The goal of assessment in medical education is the development of reliable measures of clinical performance that also have a formative role and can drive students' learning.1 To this end, the CCT was introduced by the ICGP in 2015, representing a significant change in assessment modality for their exiting membership examination, the MICGP. Together with the modified essay question exam and the clinical knowledge test, which is a single best answer test, the CCT now forms part of an integrated, triangulated assessment.2 In addition to these formal summative assessment components of the MICGP, registrars also undertake informal workplace-based assessment with their GP trainers. The MICGP is the end point qualification for specialist training in general practice in Ireland and successful completion is needed to practice independently as a GP.

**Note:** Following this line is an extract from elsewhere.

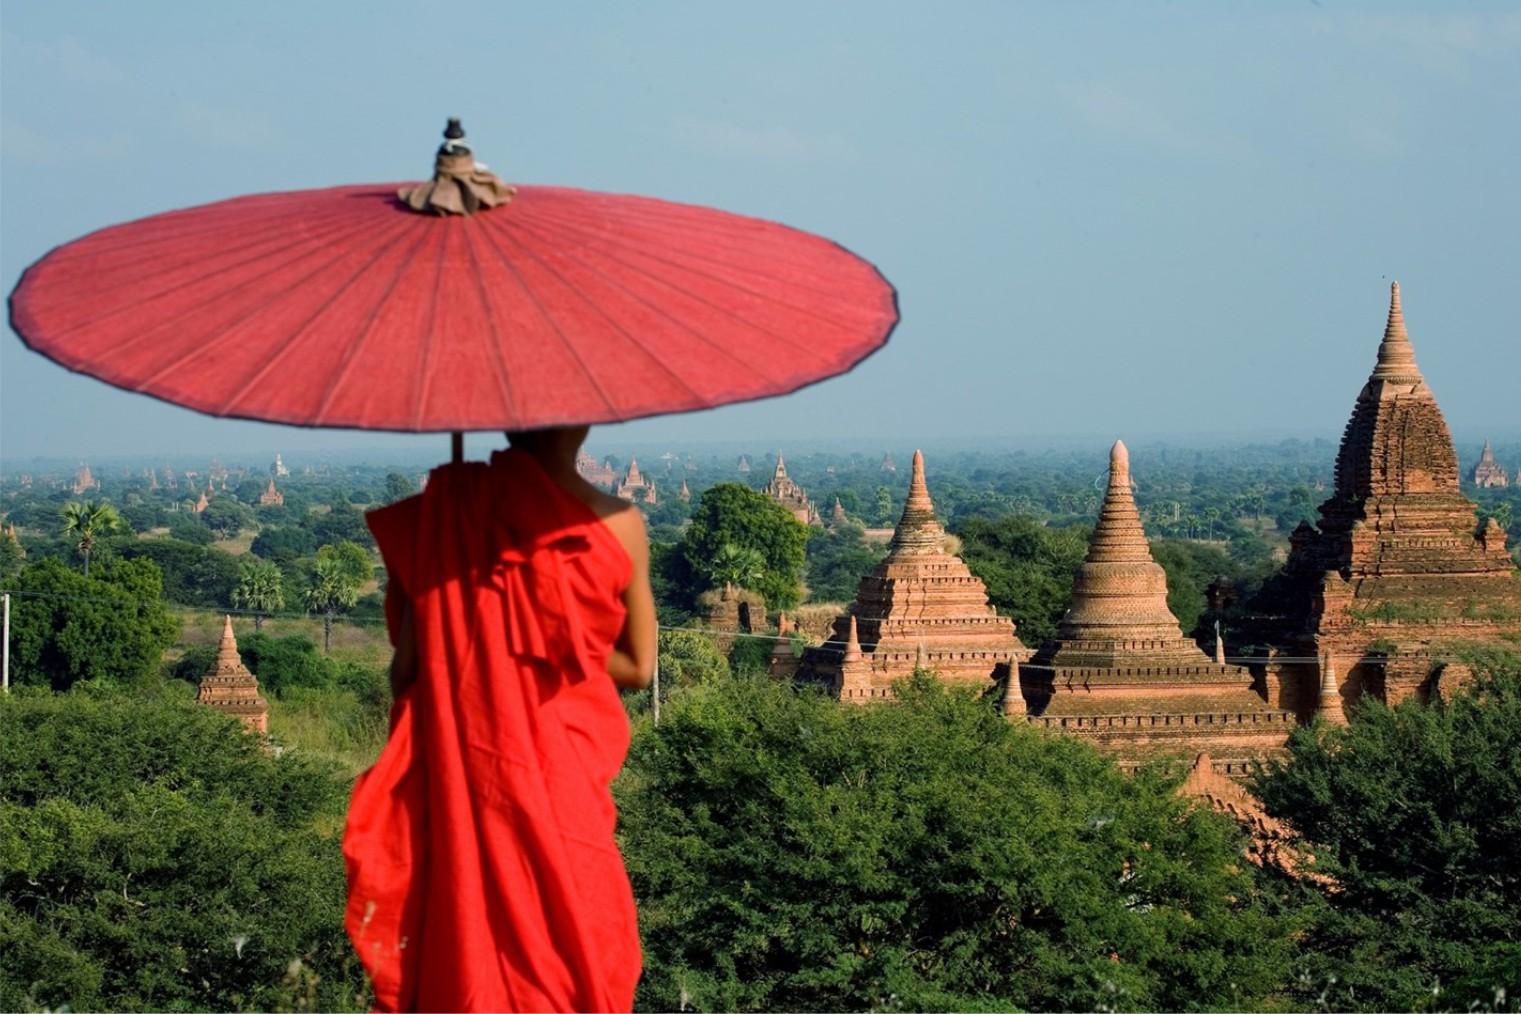 Myanmar / Burma

The CCT aims to assess the competence of general practice registrars when dealing with situations that may arise in everyday general practice. It ‘seeks to examine the knowledge, clinical skills and attitudes displayed by GP registrars as they manage patients presenting in a simulated GP surgery’.2 Similar in structure and format to the CSA of the MRCGP,3 the CCT is a modified OSCE. Candidates are assessed conducting GP consultations with actors. The scenarios for the ‘mock’ consultations are carefully developed to ensure they reflect the content and variety of typical GP consultations. The reliability of an OSCE exam is contingent on careful sampling across clinical content and requires an appropriate number of stations.4 Additionally, the reliability increases with increasing testing time.5 Informed by this, the CCT exam is comprised of 13 10-minute stations, with clinical content drawn from across the curriculum of GP training.

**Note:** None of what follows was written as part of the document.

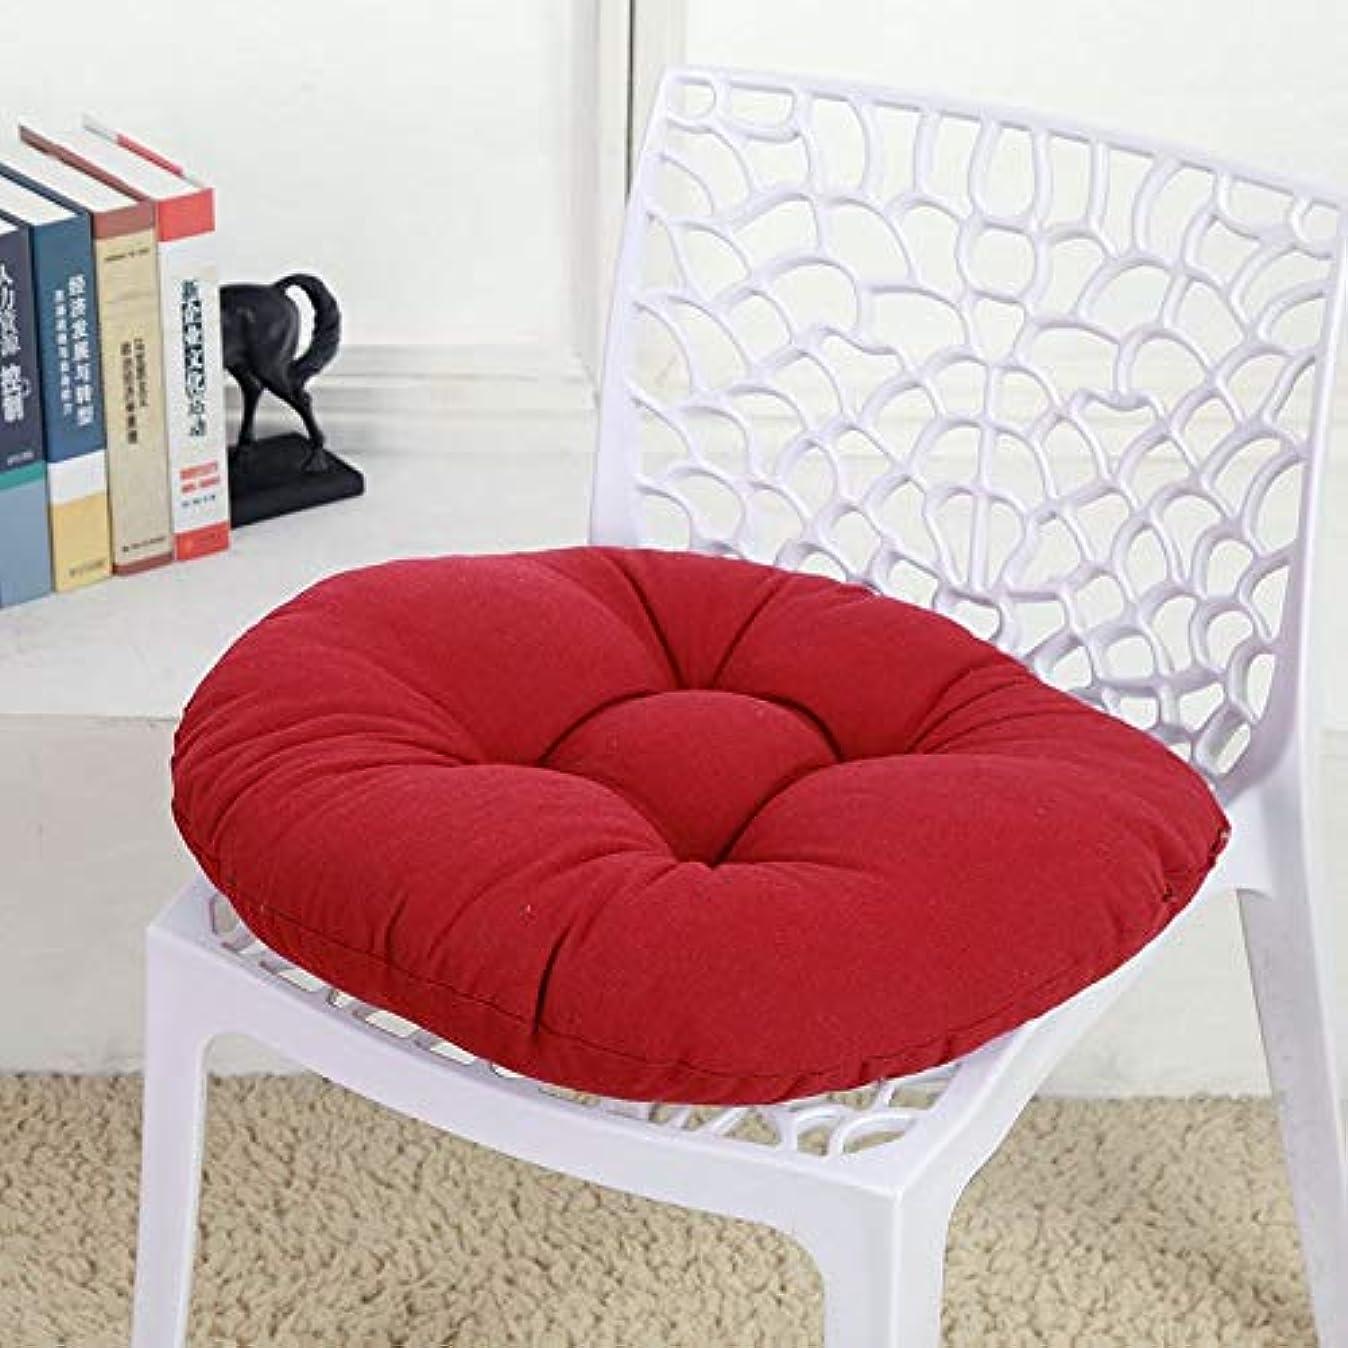 すずめうまくやる()アセLIFE キャンディカラーのクッションラウンドシートクッション波ウィンドウシートクッションクッション家の装飾パッドラウンド枕シート枕椅子座る枕 クッション 椅子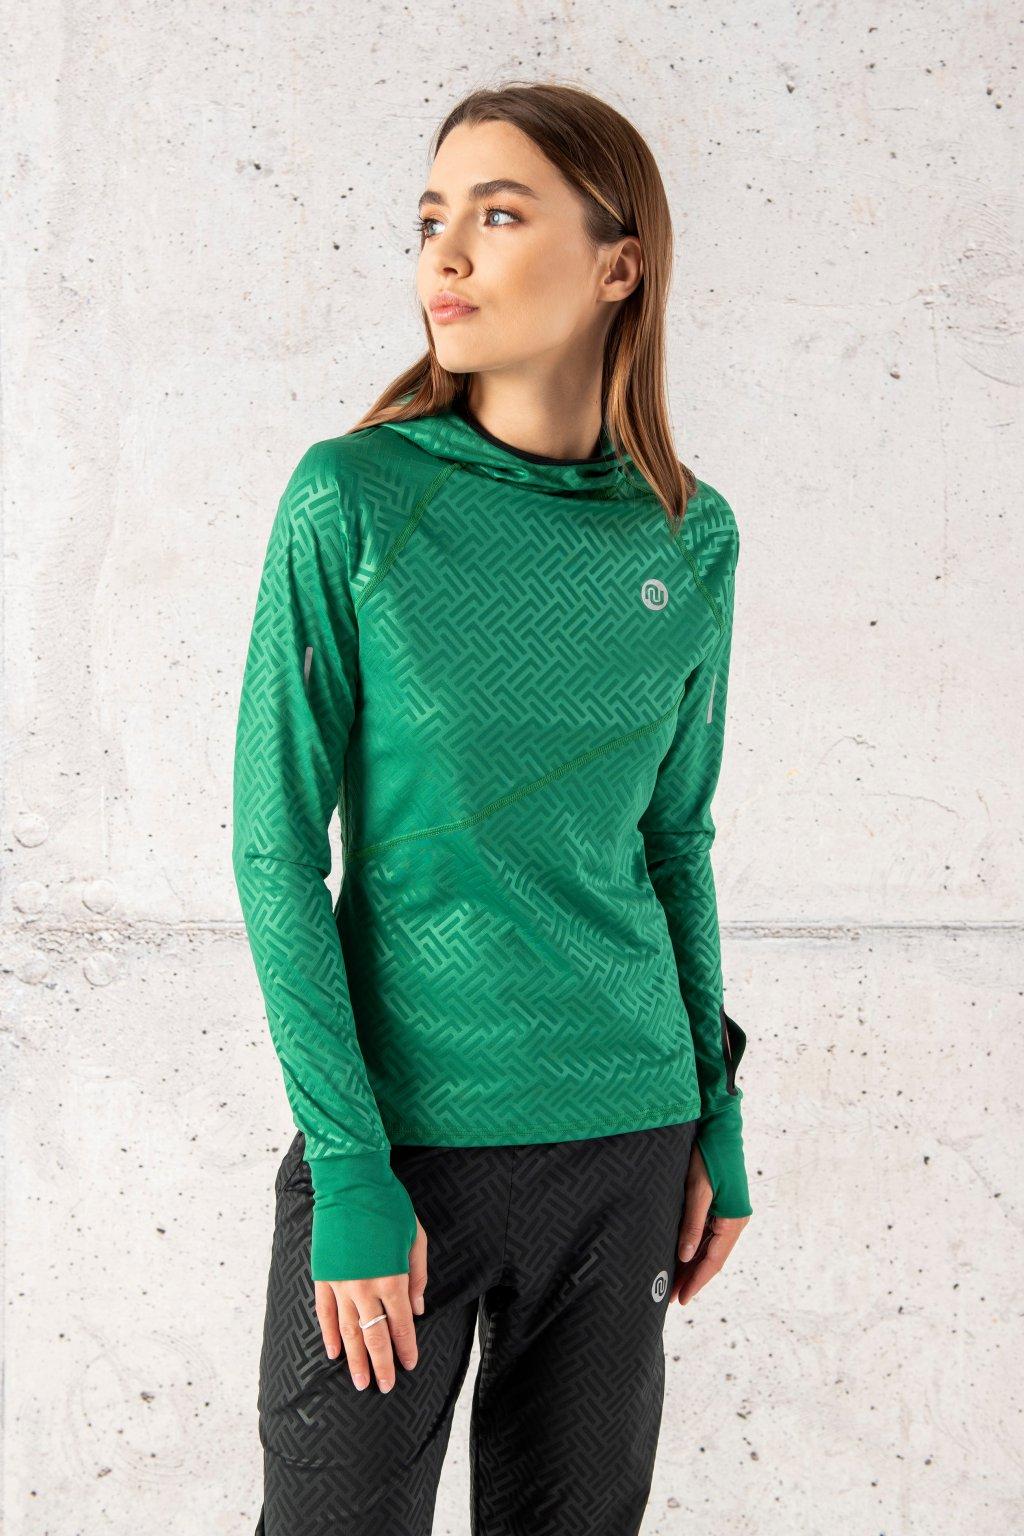 Mikina s kapucí a průstřihem na sporttester shiny 2 green lbk 1250t 1

Concerns over the poor validity and reliability of other clinical assessment formats led to the introduction of OSCE-style exams,6 which have now been widely adopted by post-graduate training bodies. Research has reported that these exams are positively viewed by students and teachers and can motivate learning.7 Furthermore, this examination format allows a broad range of skills to be assessed8 and has been shown to have a high level of reliability and validity.9 However, evidence suggests that there are also negatives associated with OSCEs. Students rarely receive detailed, station-by-station verbal feedback to enable them to identify their strengths and weaknesses.10 The validity of OSCEs has been questioned, regarding the artificial context in which the exam takes place, and concern has been raised that OSCEs are as much about performance as they are about content.11 Adverse educational impacts on learners have also been reported. For instance, for OSCE preparation, students may avoid seeing real patients, in favour of exam practice with colleagues.12 Student anxiety is frequently cited as a further disadvantage.13 In addition, from a faculty perspective, the organisation of OSCE exams is complex, costly, and logistically challenging.14

From a general practice perspective, the CSA of the MRCGP has been extensively investigated, in particular focusing on ethnicity,15 sex,16 examiner bias,17 and training of role-players.18 However, a recent integrative review of the literature on the MRCGP CSA published by the authors19 identified the lack of published research on GP registrars’ views of these types of exams, despite the evidence that student feedback is an important source of evaluation evidence.20

The aim of this study was to evaluate the MICGP CCT from the candidates' perspective, in order to gain an insight into their views of its fairness, relevance, and acceptability.

Method

Study design

This was a mixed-methods study which employed an exploratory design.21 The study began with a qualitative data collection phase in the form of focus groups. The results of this qualitative analysis then informed a subsequent quantitative phase involving an online questionnaire.22

Focus groups

No previously validated questionnaire was identified in the literature, therefore, in order to inform the development of an appropriate and robust questionnaire, focus groups were conducted with GP registrars who had previously sat the CCT. A topic guide for use in the focus groups was developed by the research team. The key areas of this interview guide were informed by literature on examination design and evaluation.20 The topic guide for the focus groups is available from the authors on request.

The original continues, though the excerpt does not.